Could you write out the line containing "Street Art by Peter Tunney" and all the lines below it in the data, exactly, through the final one and nothing else?

### Data block

○ ○ ○ ○ ○

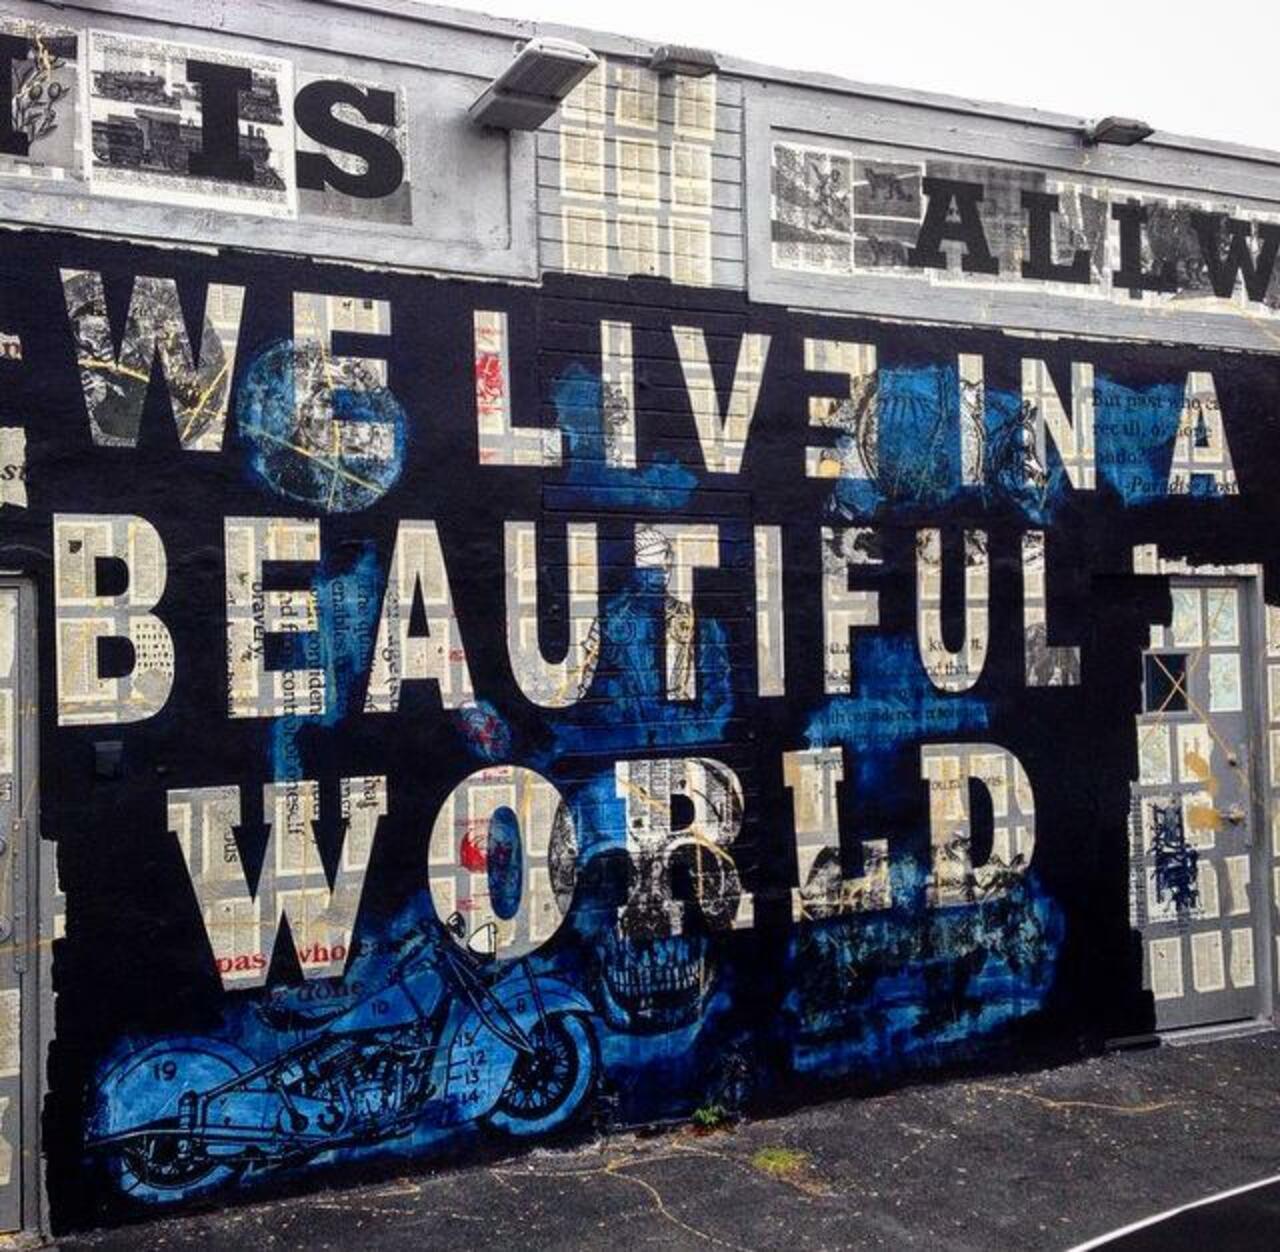 RT @GoogleStreetArt: We live in a beautiful world... 

Street Art by Peter Tunney 
#art #arte #graffiti #streetart http://t.co/SWL3gWd5f2

○ ○ ○ ○ ○

### Task response
Street Art by Peter Tunney 
#art #arte #graffiti #streetart http://t.co/SWL3gWd5f2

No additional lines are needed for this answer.